According to Ahmad Abu Hussein, who was directly involved in the development of the Isawiya master plan on behalf of the municipal Planning Department, the project has already been approved by the Local Planning Committee and is now awaiting final approval by the District Planning Committee, at which point construction will begin. All in all, the bureaucratic process is expected to take another 12 to 14 months, he says.
According to Mayor Uri Lupolianski, the Isawiya master plan is one of 20 in the northern part of the capital that have been recently approved. "These plans are a breakthrough in improving east Jerusalem residents' status as equal citizens of the capital and will improve their quality of life," he said in a press release issued last month.
Residents of Isawiya say they couldn't be happier with the plan, which they believe is long overdue, and hope that everything will go by the book.
Among the potential obstacles to implementing the plan is opposition from neighboring Tzameret Habira, where some residents are anxious about greater proximity to an Arab area.
Sitting in his office in the community center, Darwish relays that he heard that a Tzameret Habira resident had filed a complaint with the municipality, protesting against the enlargement of Isawiya, which already borders with French Hill.

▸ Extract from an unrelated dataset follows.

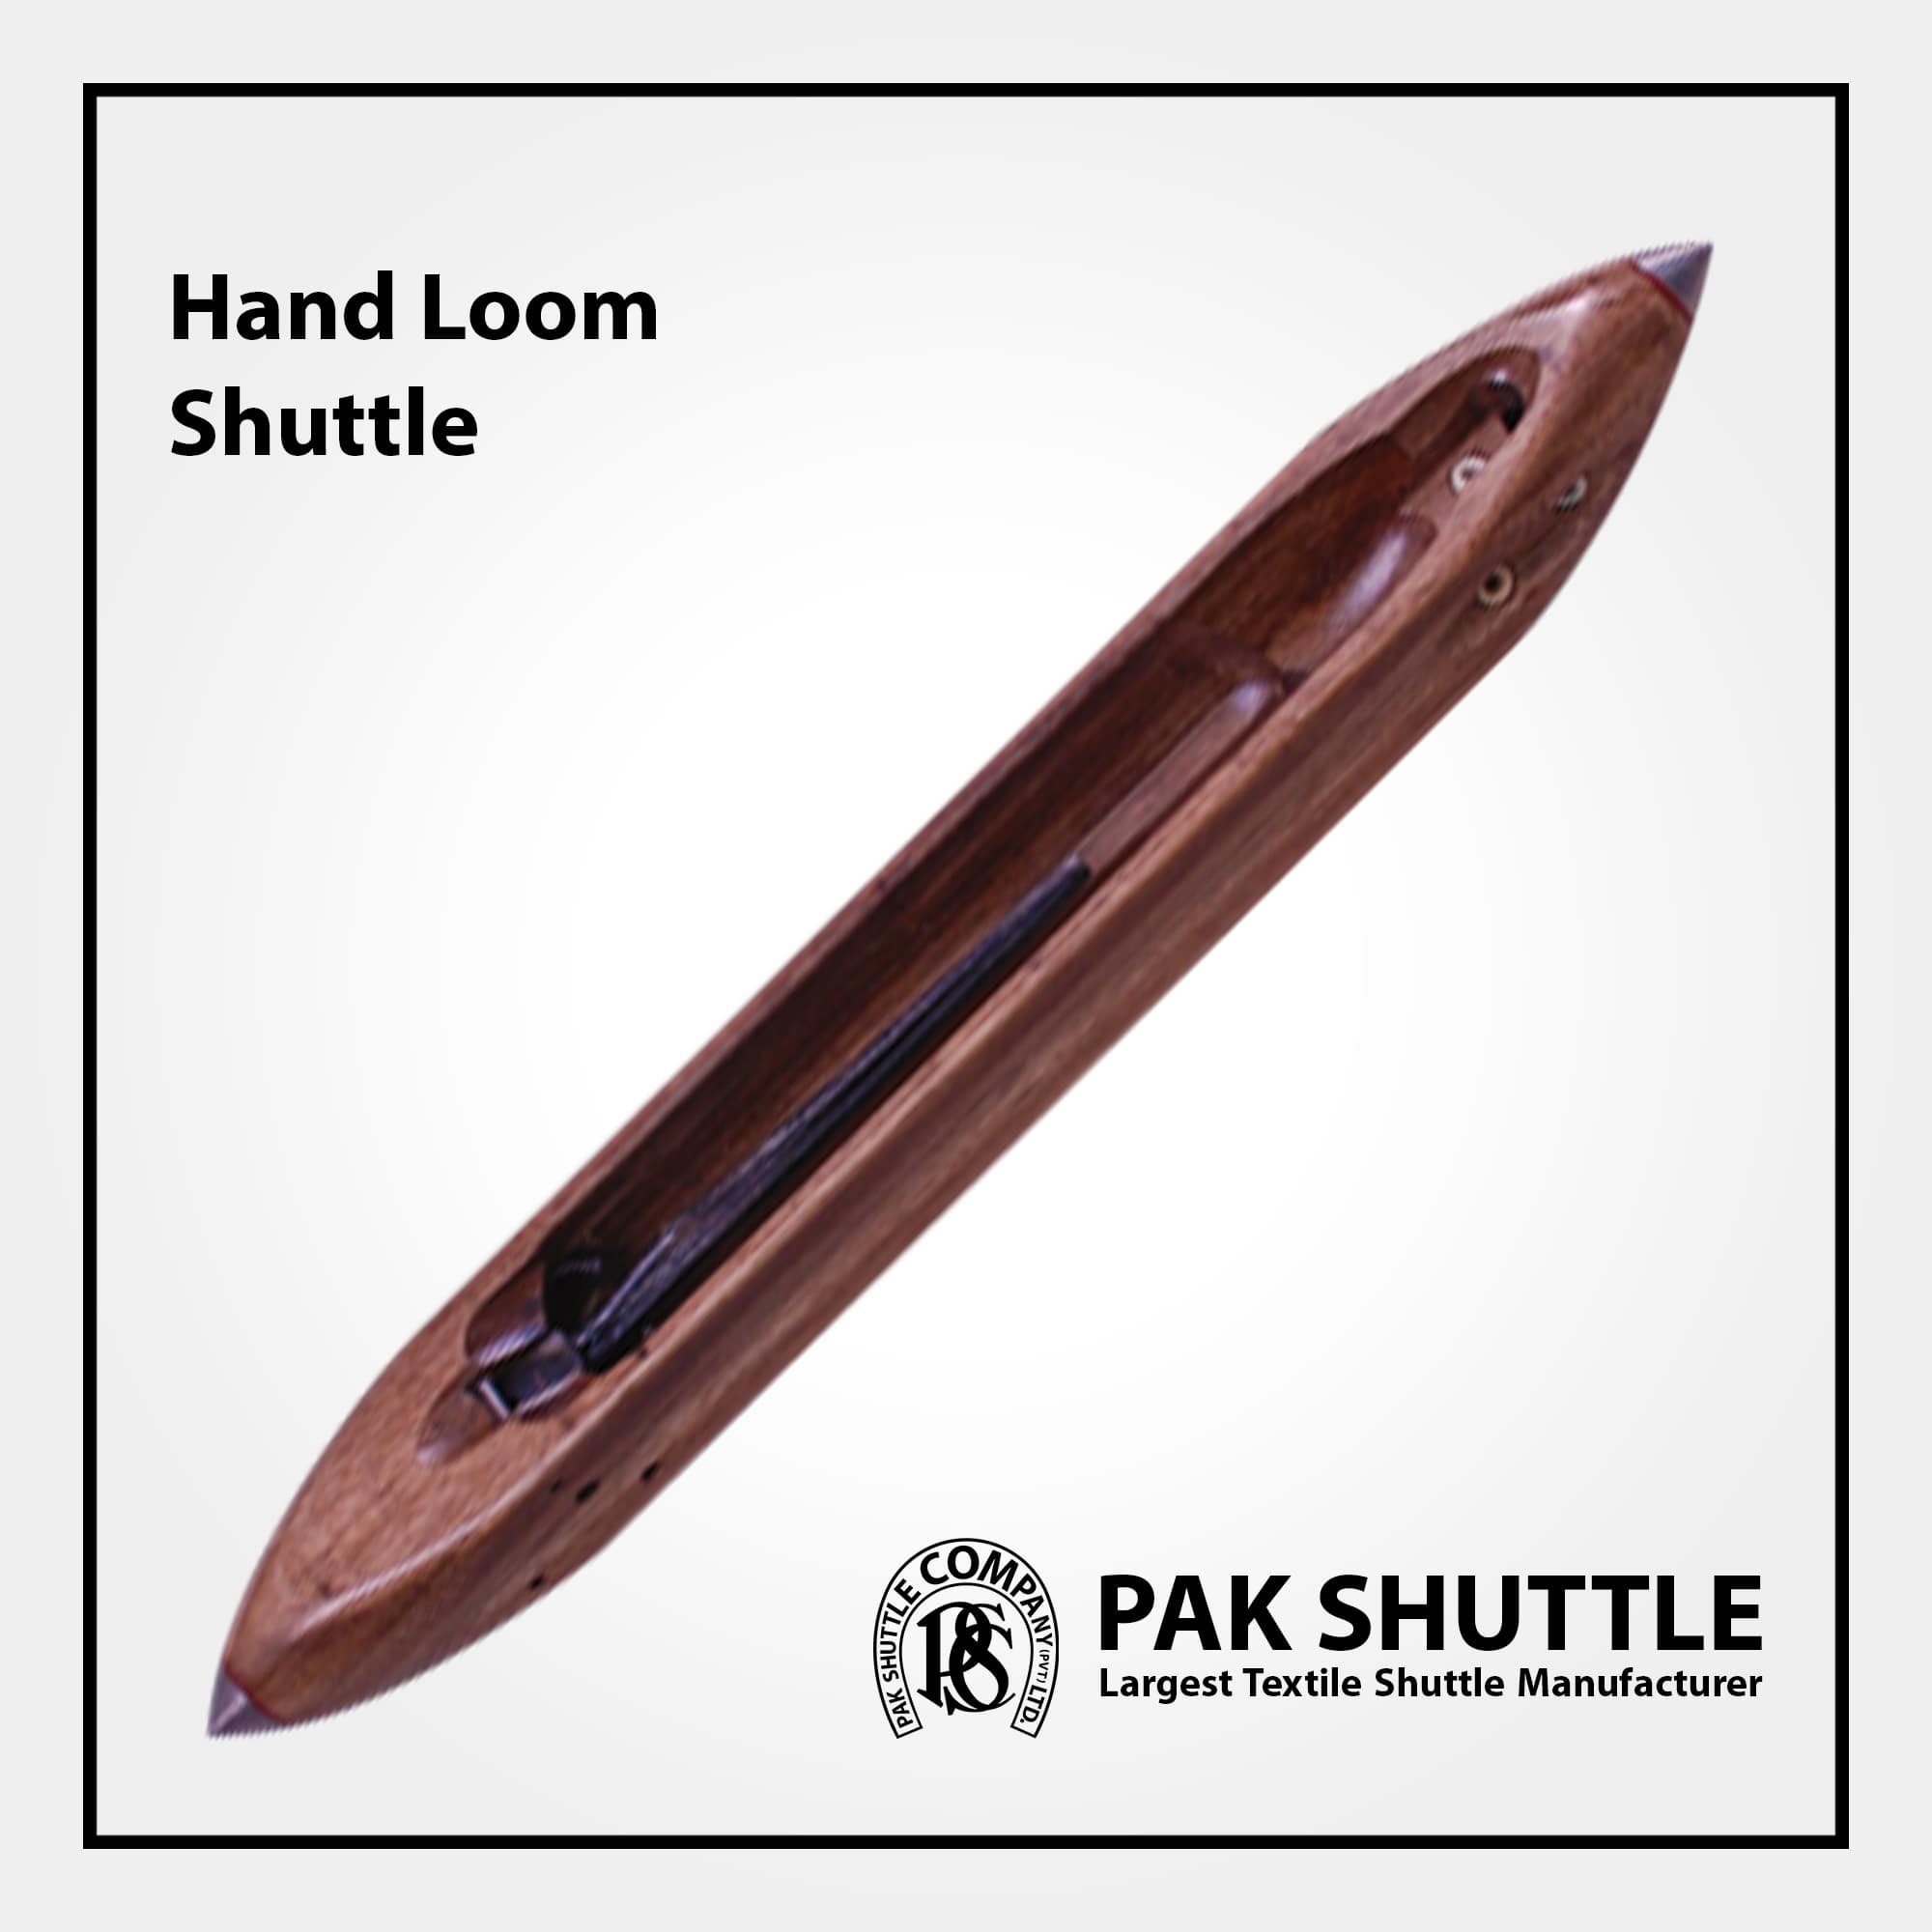 Hand Loom Shuttle by Pak Shuttle Company Pvt Ltd.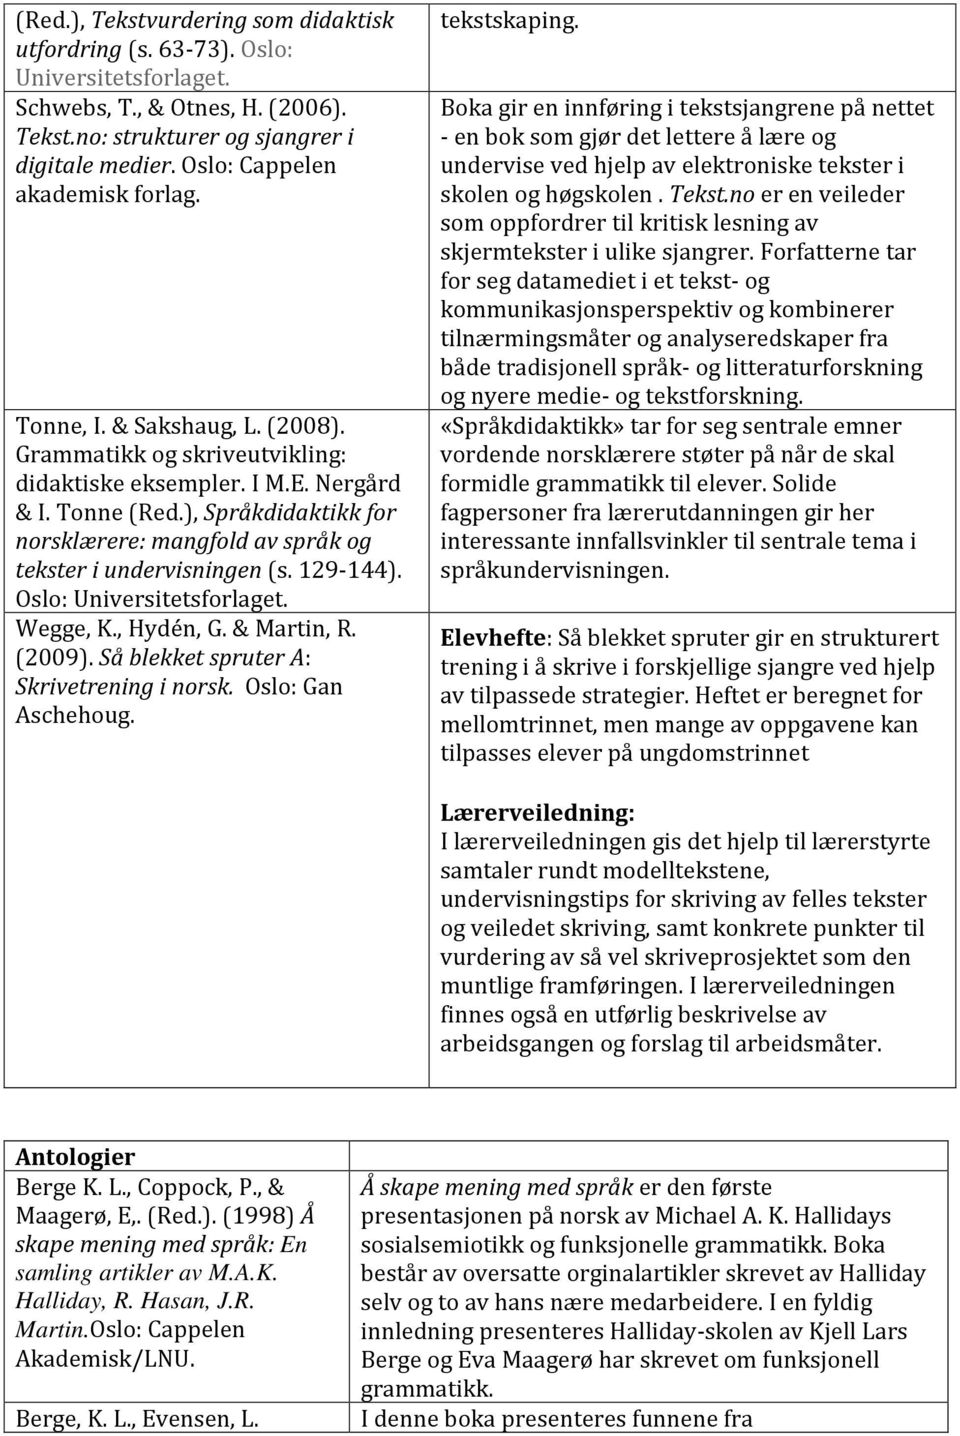 129-144). Oslo: Wegge, K., Hydén, G. & Martin, R. (2009). Så blekket spruter A: Skrivetrening i norsk. Oslo: Gan Aschehoug. tekstskaping.

Darwish says he doesn't understand the logic behind this act "as the relations between us and the French Hill [residents] were always neighborly and friendly. We often meet with them for coffee and tea.
"During the intifada years when there was a curfew in Isawiya they [French Hill residents] brought us food supplies and blankets," he says. "We never had any problem with each other. How can people who speak of coexistence protest against improving the quality of life in our neighborhood?
"As far as I know, this guy [who filed the complaint] and the others who think alike, just moved to French Hill, [whereas] those who know us are not afraid," surmises Darwish.
"Besides, Isawiya is certainly not the only Arab neighborhood in Jerusalem which borders on a Jewish one," he adds. "There's Beit Safafa and Gilo, Neve Ya'acov and Shuafat... it's not something unusual."
Still, Anat, a resident of Tzameret Habira, says she would prefer it if Isawiya would not expand in her direction. "I know that there have been no problems with Isawiya, and yet I think it's better to keep neighborhoods separated from each other. Who knows what the future will bring?"
Anat says she heard people in her neighborhood complaining about the Isawiya plan, but never saw a petition nor was she addressed by anyone.
In the meantime, Darwish hopes the opposition will blow over and that the municipality will not be fazed by the words of "some radical."
"We have waited our turn long enough," says Darwish. "We pay arnona [property tax] just like anybody else (which is actually even higher than property tax in the French Hill), and it's about time the authorities addressed our needs."
"It's not that we are unhappy with the new plan, which is supposed to improve our lives here in Isawiya, rather that it's difficult for us to believe that things will actually change around here," says local community center head Rabab Ahmed Mustafa, pointing to piles of correspondence between the Isawiya council and the municipality regarding the conditions of the streets, road safety and garbage disposal in the area.
Isawiya residents have heard plenty of promises to improve the neighborhood, she says, but the materialization of these decisions is another matter.
"We hope very much that this time, with this plan, it will be different," says Rabab. "We don't want to find ourselves in 2020 stuck in a bureaucratic bubble, waiting for a miracle to happen."